I don’t know of any examples like that, but I can give you numerous examples of people not going for healthcare that they did need because they lacked insurance/money, if you’d like.
“I ask you: who goes for medical care that they “don’t really need”? I have fully comprehensive medical insurance, and I go to the doctor when I need to see a doctor. How many people do anything else?”
Sigh. I’ve been thinking about this a lot regarding these discussions. I think it is very important for people on both sides here to remember that we are not exactly your average consumers of information. If the nation were us, there wouldn’t be very many people who see the doctor when they don’t need to (liberals pay attention) and we would plan for our own retirement (conservatives pay attention). The problem is that we aren’t typical–in ways both good and bad. The typical constructive conservative approach to such things is to encourage and aid people in making good choices. The typical constructive liberal approach is to protect people from bad choices. Both can be very helpful, but there is quite a bit of tension between the two. This particular plan is not one of the better ones I have read about, but in the health care arena I definitely think we need to do a little more encouragement of looking at things as choices and not just inevitable health outcomes. So if the proposal causes us to look at such things, I’m thrilled.
As for the specific question, I am close personal friends with three general care doctors. Each of them work in different areas of town. One works in the high income area, and the other two work in fairly low income areas. All three complain that at least one full day a week is spent catering to people who don’t need their care. So I’m relatively confident that such concerns are non-ridiculous.
Hilzoy,
“it may or may not make no difference whether you go with a Blue Cross plan with a high deductible or an HSA.”
I was only trying to identify what I think is a problem with how it is currently implemented.
“I’m glad your choice works for you, but here’s some questions:
Was anyone in your family born with a chronic illness like asthma or diabetes?”

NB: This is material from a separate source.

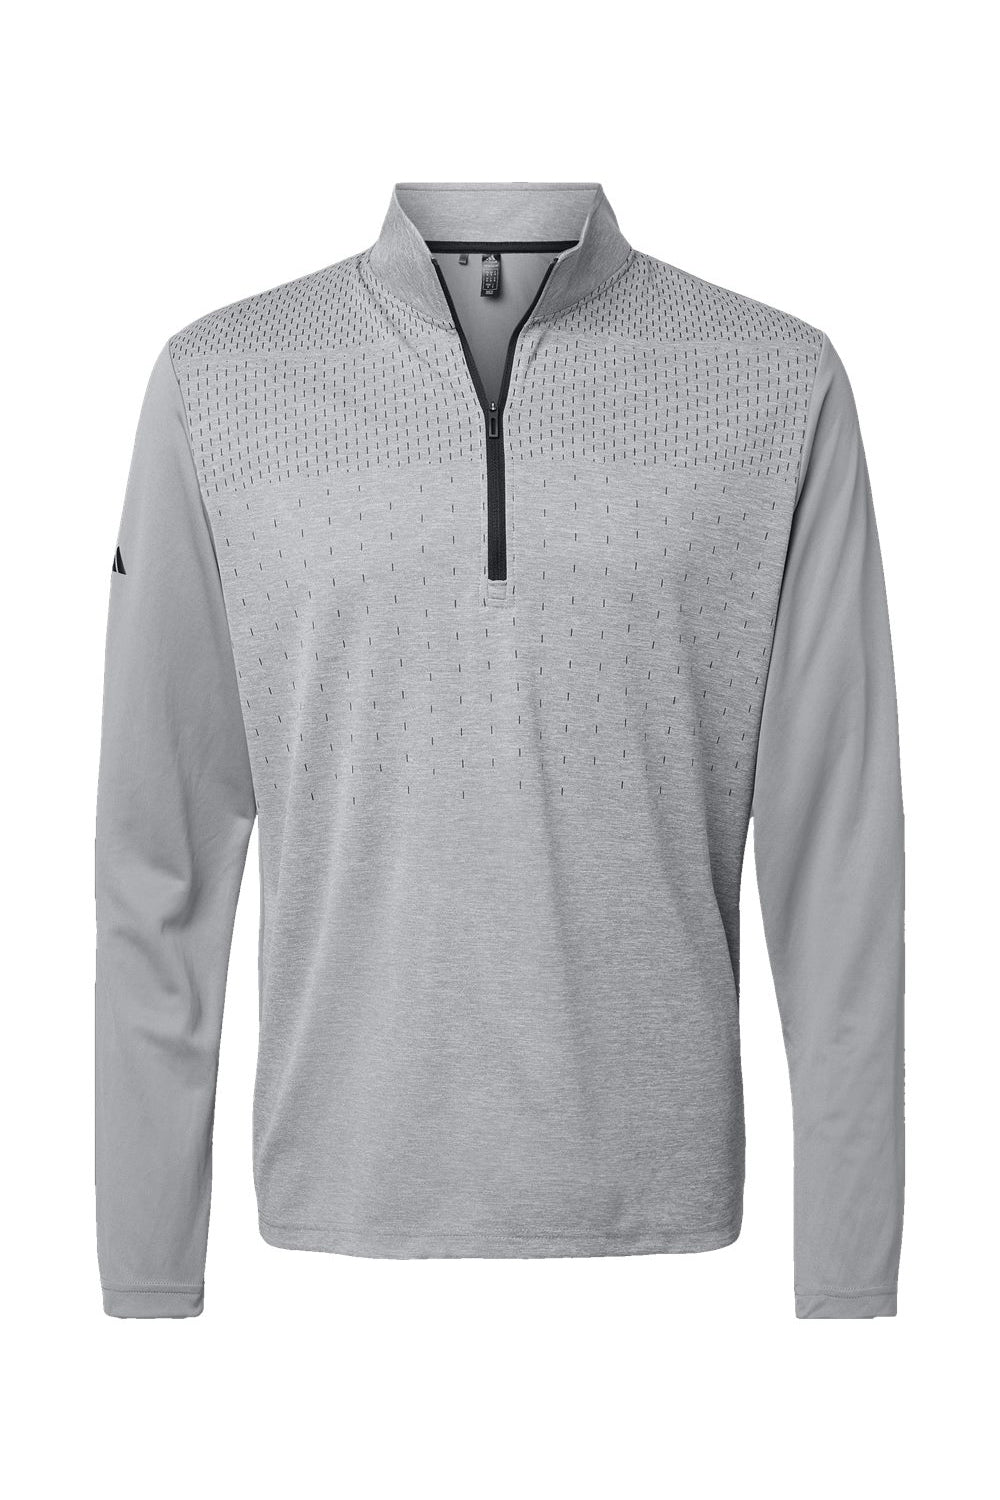 Adidas A522 Mens Heather Block Print Moisture Wicking 1/4 Zip Sweatshirt Grey Melange/Grey/Black Flat Front

No, and I am not trying to say the plan is perfect. I know it is not from experience. But, it has the potential to have the effect I mentioned about my wife. If we can figure out how to get the deductible to something more manageble it COULD be good.
Right now I that it COULD benefit those of us who don’t have corporate provided health coverage. It depends on how healthy you are.
“Would you have switched to that coverage if one of your kids was still under two years old (immunizations are monthly for infants, then space out to around after the first year.)”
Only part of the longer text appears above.